所有的证据都指向眼前之人就是诸葛亮残魂,气度、学识、阵气、言行,无一不符,她的迟疑仅仅来源于一场梦境,一种虚无缥缈的感觉,说出来只会被当成无端的猜忌,甚至动摇全队的心神。
林晓晓拉了拉白晓玉的衣角,小声道:“晓玉,武侯前辈都亲自引路了,我们快跟着走吧,早点到祭台,就能早点封印暗魂兽。”
小芸也轻轻点头,眼底满是期待:“有前辈带路,我们就不用再怕机关和怪物了。”
阿伟更是松了口气,挥了挥手里的石锤:“太好了,总算不用一扇扇门硬闯了,有正主引路,这波稳了!”

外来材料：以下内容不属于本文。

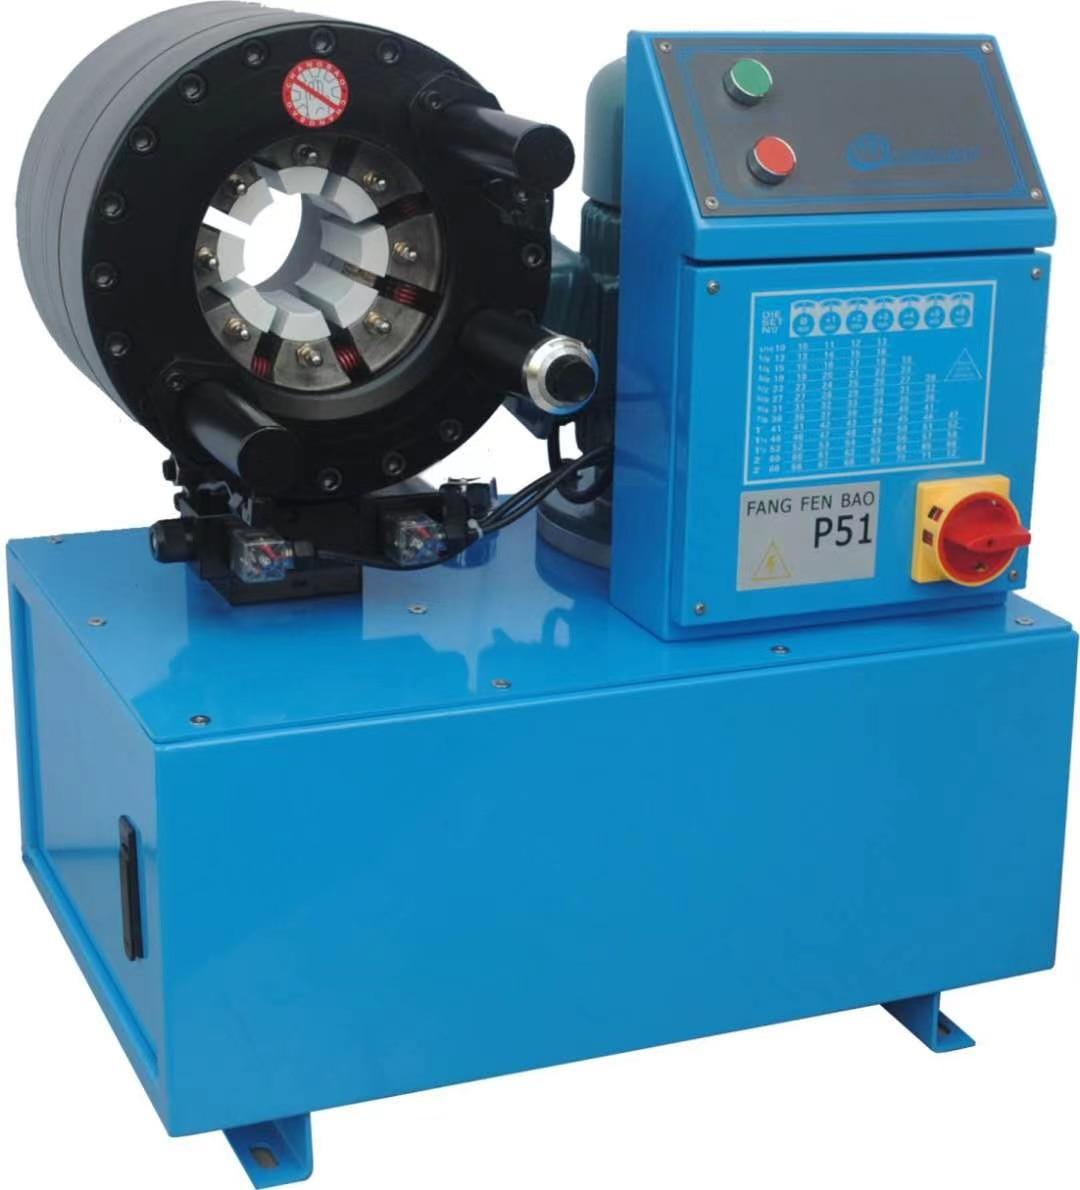 220 فولت العقص آلة الهيدروليكية خرطوم ترقية شهادات CE HZ-P51 الهيدروليكية خرطوم
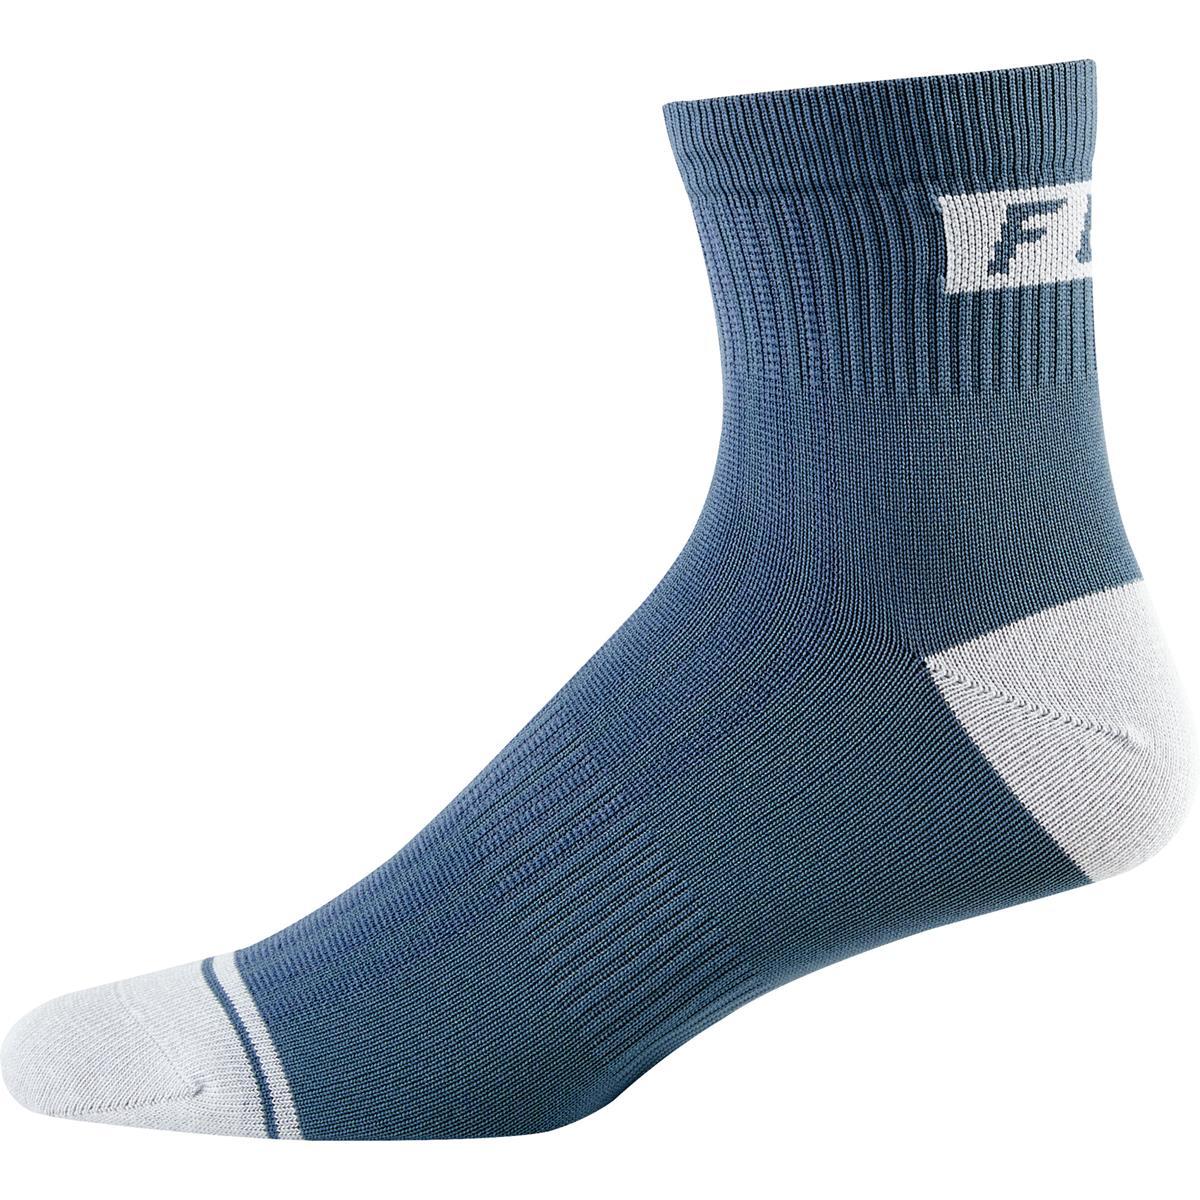 Fox Socken 4 Inch Trail Midnight

白晓玉看着众人放松的神情,又看向眼前客客气气、完美无缺的古装人影,指尖无意识地摩挲着。她找不到任何实质性的破绽,对方的每一句话、每一个动作,都完美诠释着“诸葛亮”这三个字,可那种过于客气的疏离感,和梦里宠溺的长辈模样形成的强烈反差,让她始终没法彻底放下心防。
她悄悄抬眼,再次打量对方,纶巾规整,衣袂齐整,站姿挺拔,连引路的手势都分毫不差,客气得像是在接待素未谋面的陌生人,而不是看着一路闯过重重难关、和他有着梦境羁绊的自己。
心底的迟疑越来越重,她没法笃定对方是假的,可也没法像其他人一样,全然相信这份完美的“真实”。
眼前的人分明是诸葛亮,可又不是她认识的、那个会用扇子敲她头、把她当晚辈宠溺的诸葛亮。
这份矛盾的感觉,像一层薄雾,笼罩在白晓玉心头。她跟着众人缓缓迈步,却始终走在队伍侧方,没有完全靠近那道引路的身影,夜眼时刻留意着对方的一举一动,也留意着秘道四周的细微变化。
她不知道这份迟疑从何而来,也不知道这份违和感到底意味着什么,可她本能地觉得,这份过于完美、过于客气的指引,背后一定藏着什么,是她暂时还没能看穿的东西。
跟着那道古装身影往秘径走了没几步,脚下平整的石面越是安稳,白晓玉心头的疑云就越是稠得化不开。周遭没有机关响动,没有傀儡嘶吼,连空气里都飘着和八阵图同源的清和阵气,眼前人步态、谈吐、气度无一不贴合史书与壁画里的诸葛亮,连对阵道的熟稔都分毫不差,绝非那些只懂机械扑杀、语气空洞的雾伥鬼能模仿。
可恰恰是这份毫无破绽的“真”,狠狠戳中了她心底最隐蔽的忌惮——他们一路斩杀的,从来都只是暗魂兽抛出来的棋子,是被邪气侵染的走兽、失了神智的雾伥鬼,而那个藏在所有傀儡背后、能布下层层迷阵、侵染武侯千年古阵的元凶,自始至终都没露过面。那是一个拥有远超人类心智、能推演阵法、擅长伪装诱骗的存在,不是只懂蛮力的凶兽,也不是只凭本能的低阶傀儡,它最可怕的从不是正面厮杀,而是借形、借意、借人心侥幸设下的圈套。
这个念头猛地扎进心底,白晓玉后颈骤然窜起一股刺骨的寒意,不受控制地打了个冷颤,指尖瞬间攥得发白。
她忽然不敢再往下细想。
眼前这客客气气、完美无缺的身影,到底是镇守古阵的诸葛残魂,还是那头蛰伏千年、从未现身的暗魂兽,凝出的最精妙的化身?
它太懂他们的心思了——一路闯关疲惫不堪,渴望捷径,渴望正统指引,渴望一个能一锤定音的“自己人”。于是它便化作八阵图的缔造者,化作所有人潜意识里最信任、最不敢质疑的形象,礼数周全,语气温和,奉上一条直通祭台、免去所有凶险的捷径,精准戳中他们想要尽快结束一切的侥幸。